It is well-known that the operational temperature has a noticeable effect on the gas sensing characteristics.³⁸Fig. 6a shows the sensor electrical resistance in air (R_a) versus the operating temperature (25–150 °C). The R_a of all the sensing materials declined when increasing the active temperature. The plot basically displays a behavior of negative temperature coefficient of the electrical resistance, which is in-line with n-type semiconductor behaviour. This behaviour approximately follows the exponent law, which is due to the ionization of donor impurity and defects. The movement of electrons from the valence band (E_V) to the E_C of the sensing material occurs and consequently further electrons are accessible for transporting the current, leading to a reduction in the sensor resistance. As shown in Fig. 4, the R_a increased with the addition of either Ag or Cu. Interestingly, at a higher loading of Ag and Cu (i.e. 0.5 mol% AgCu), a higher R_a was observed. This result is consistent with the observations of Motsoeneng et al.³⁹ They observed an increase in R_a at a higher Au loading in SnO₂/NiO/Au (2.5 wt%) because of the nanoscale development of p–n nanojunctions in NiO and SnO₂ phases.
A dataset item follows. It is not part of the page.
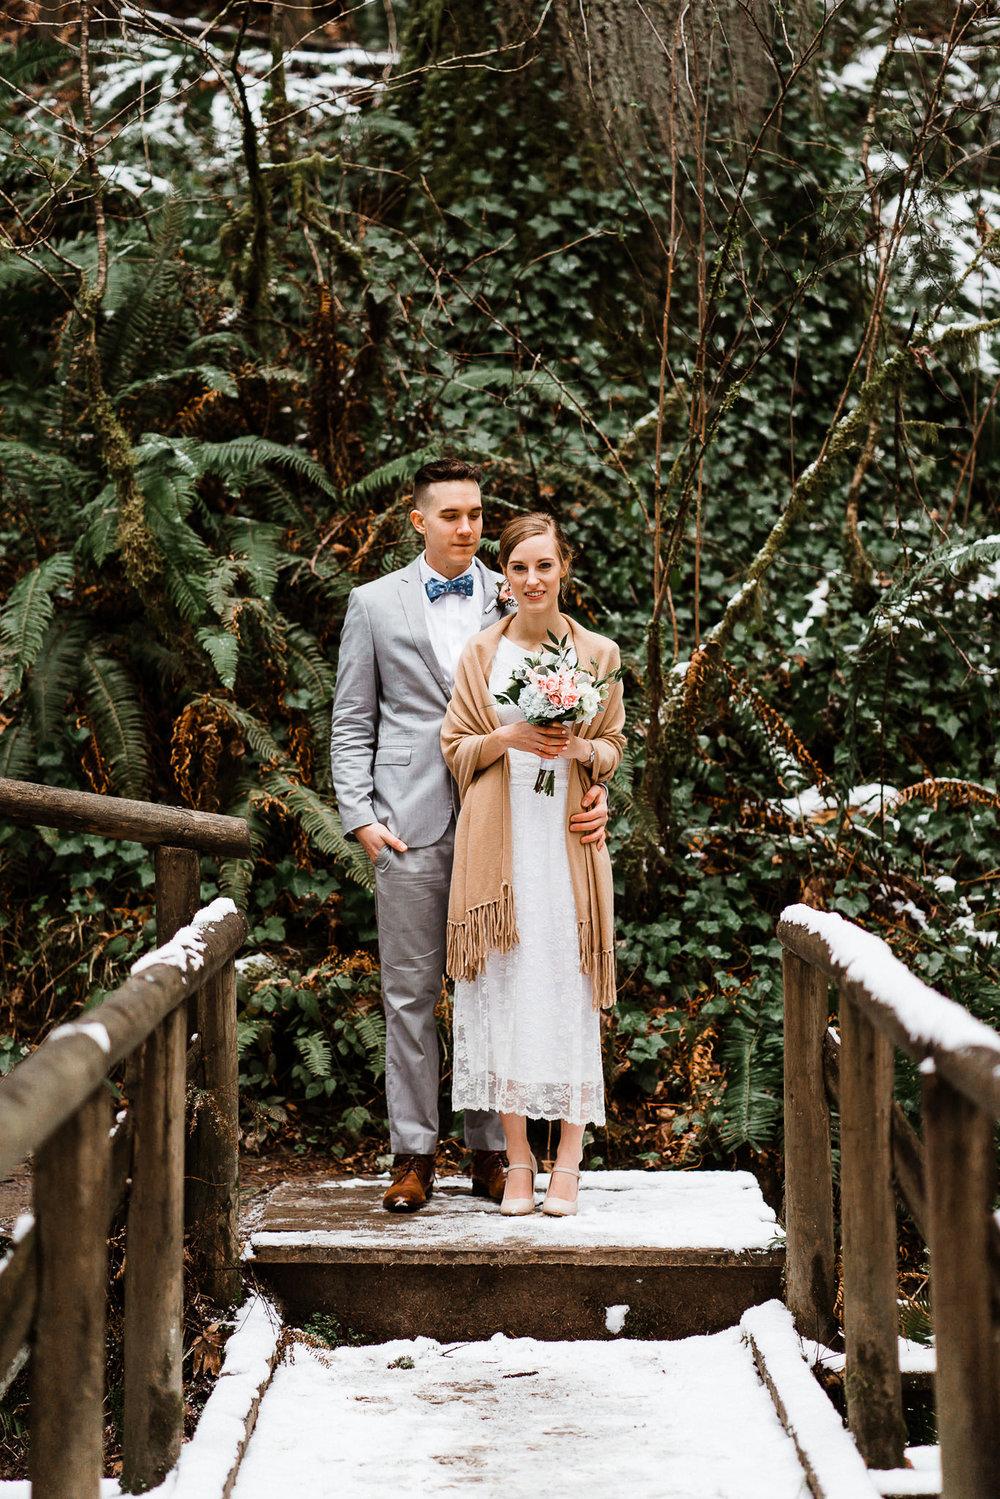 vertical portrait mode wedding photographer

Fig. 6 (a) Resistance in air of various Ag/Cu loaded on TiO₂ nanoparticle sensors at various operational temperatures, (b) benzene, (c) toluene, (d) ethylbenzene, (e) xylene and (f) acetone. Note the operating temperatures were 25, 75, 100 and 150 °C.

Fig. 6b presents the response of the various sensors versus the operational temperature towards BTEX and acetone vapour. As shown in Fig. 4b, as the sensors were exposed to benzene vapour, the 0.5 mol% AgCu/TiO₂ nanoparticle based sensor displayed a higher response at 100 °C, which decreased at 150 °C operational temperature. This behaviour was also noted for the toluene vapour, where the 0.5 mol% AgCu/TiO₂ nanoparticles displayed a higher response at 100 °C. Upon exposing the sensors to ethylene–benzene and toluene vapours, the 0.5 mol% AgCu/TiO₂ nanoparticle-based sensor still showed a better response. It is interesting to note that when the sensors were exposed to xylene vapour, the 0.5 mol% AgCu/TiO₂ nanoparticles displayed a response of 21.2, which is almost twice higher than other gases at 100 °C. This improvement can be explained by the synergistic effect of the Ag and Cu nanoparticles, indicating that loading functionalization may be an active strategy to syndicate the advantages of individual metal nanoparticles. Remarkably, at higher operational temperature the sensor exhibited a remarkable response of 33.2, which was approximately three times higher than that of the other gases. This clearly shows that at higher AgCu loadings, more AgCu nanoparticles contribute to the sensing reaction and improve the catalytic activity. Nevertheless, an extreme loading of 1.0 mol% AgCu/TiO₂ resulted in a lower sensing performance, see Fig. S9a (ESI†). This is probably due to aggregation of AgCu and resulted in roughening of the grain growth, which then hampered the spillover effect mechanism. This behaviour was also observed by Kruefu et al.⁴⁰ They found that when the Ru concentration was increased to 1.00 wt%, the Ru nanoparticles agglomerated into larger particles, leading to poorer dispersion, which led to a less effective spillover effect and thus a reduced response. Based on the current real-time resistance plot in Fig. 7, the pure TiO₂ displays a p-type semiconductor behaviour. Thus, the superior sensing response may be elucidated by the formation of an n-type behaviour observed for the 0.5 mol% AgCu/TiO₂ nanoparticles. This behaviour was observed on the real-time resistance plots shown in Fig. 7a and b. We believe that this phenomenon of p-type transformation to n-type can be attributed to the reduction of Ag⁺ and Cu²⁺. TiO₂ with higher metal loading contains larger amounts of Ag⁺ and Cu²⁺, which may undergo self-reduction.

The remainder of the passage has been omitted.